Korean name
- Hangul: 동포역
- Hanja: 東浦驛
- Revised Romanization: Dongpo-yeok
- McCune–Reischauer: Tongp'o-yŏk

General information
- Location: Tongp'o-rodongjagu, Hoeryŏng, North Hamgyŏng North Korea
- Owner: Korean State Railway
- Line: Hambuk Line

History
- Opened: 1922
- Original company: Tomun Railway

Services
| Preceding station | Korean State Railway |  |  | Following station |
| Chongsŏng Terminus |  | Tongp'o Line |  | Terminus |

Location

= Tongpo station =

Railway station on Hambuk Line, North Korea

Tongp'o station is a railway station in Sech'ŏn-dong, Hoeryŏng county, North Hamgyŏng province, North Korea on the Sech'ŏn branch of the Hambuk Line of the Korean State Railway.

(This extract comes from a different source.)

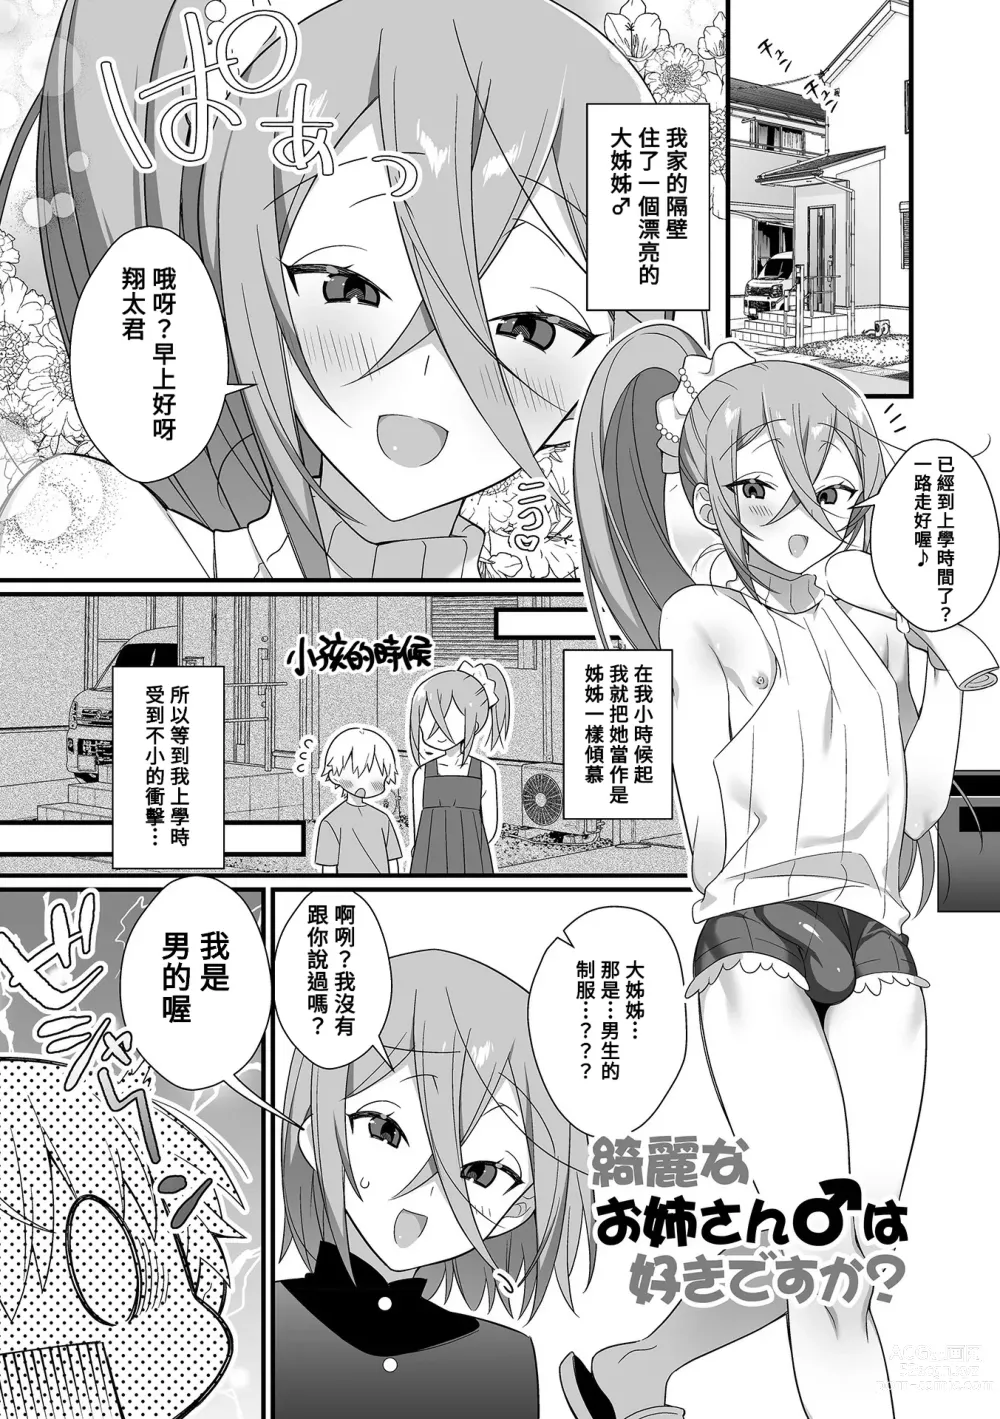 Page 1 of manga Kireina Onesan♂ wa Sukidesuka?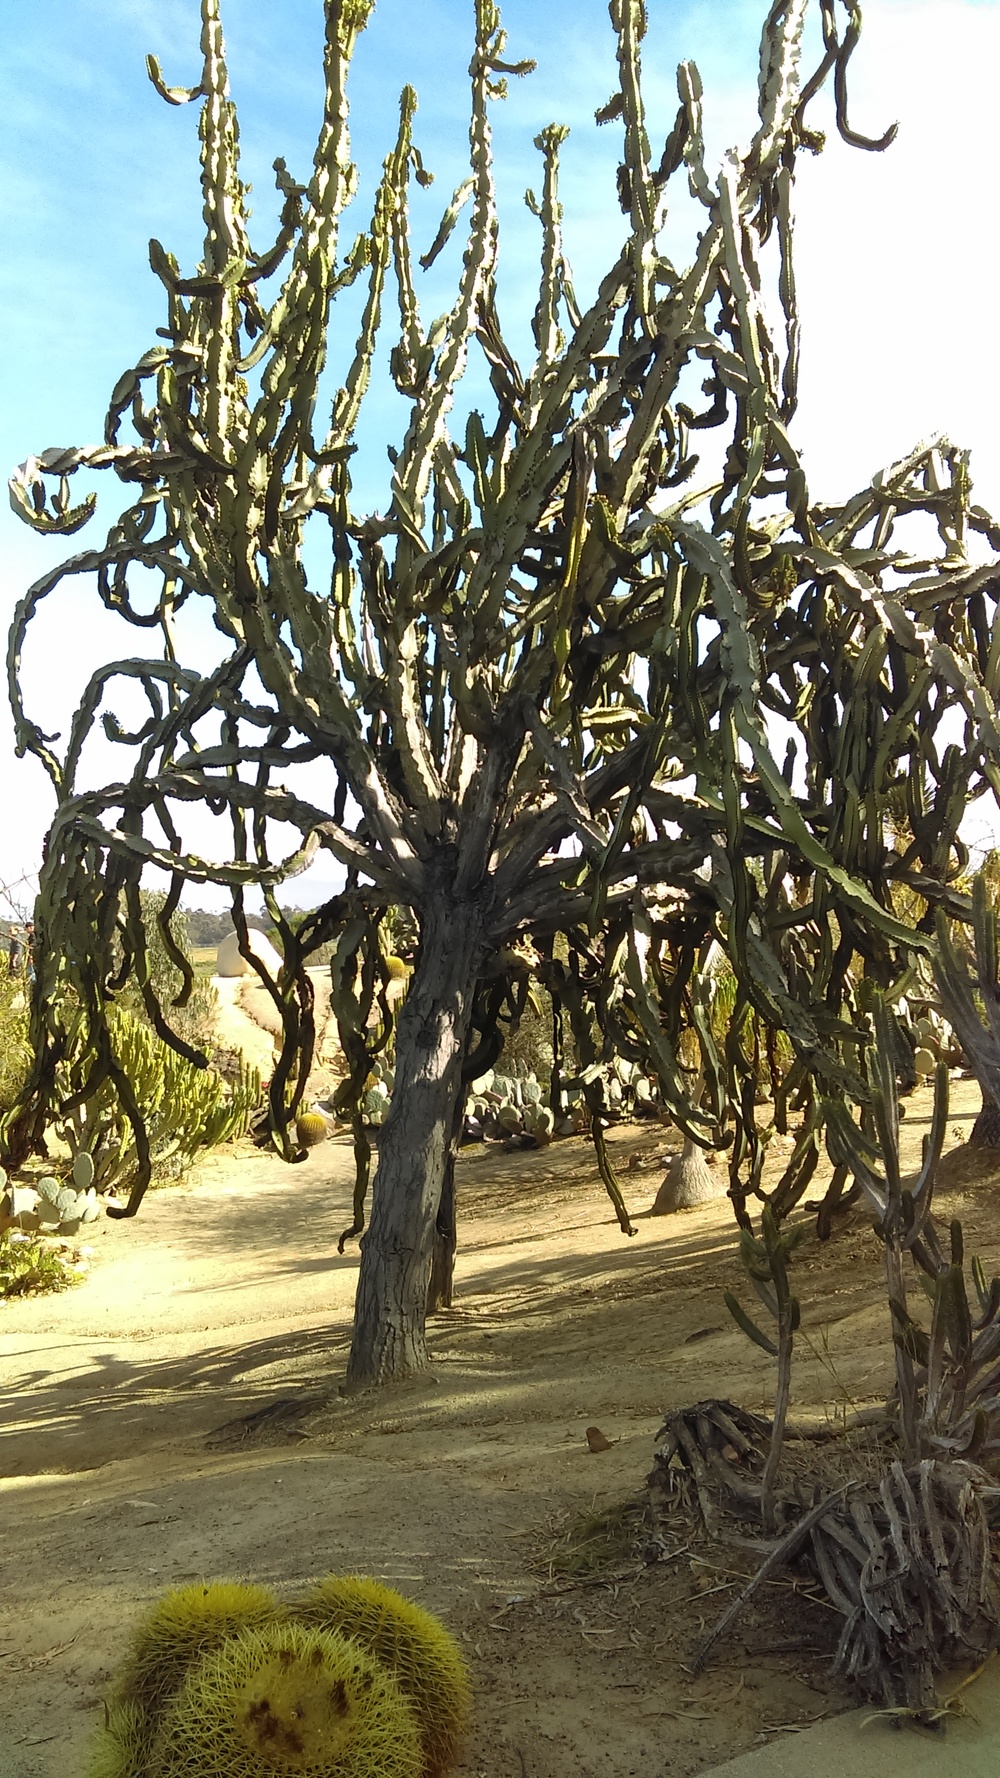 Stevko-San Diego-Tree Cactus.jpg

The station was opened in 1922 by the privately owned Tomun Railway Company, at the same time as the rest of the second stage of its mainline, from Sangsambong to Chongsŏng Station. It was subsequently nationalised by the Chosen Government Railway in 1929, and from 1934 to 1940 it was managed by the South Manchuria Railway. Finally, after the partition of Korea it became part of the Korean State Railway.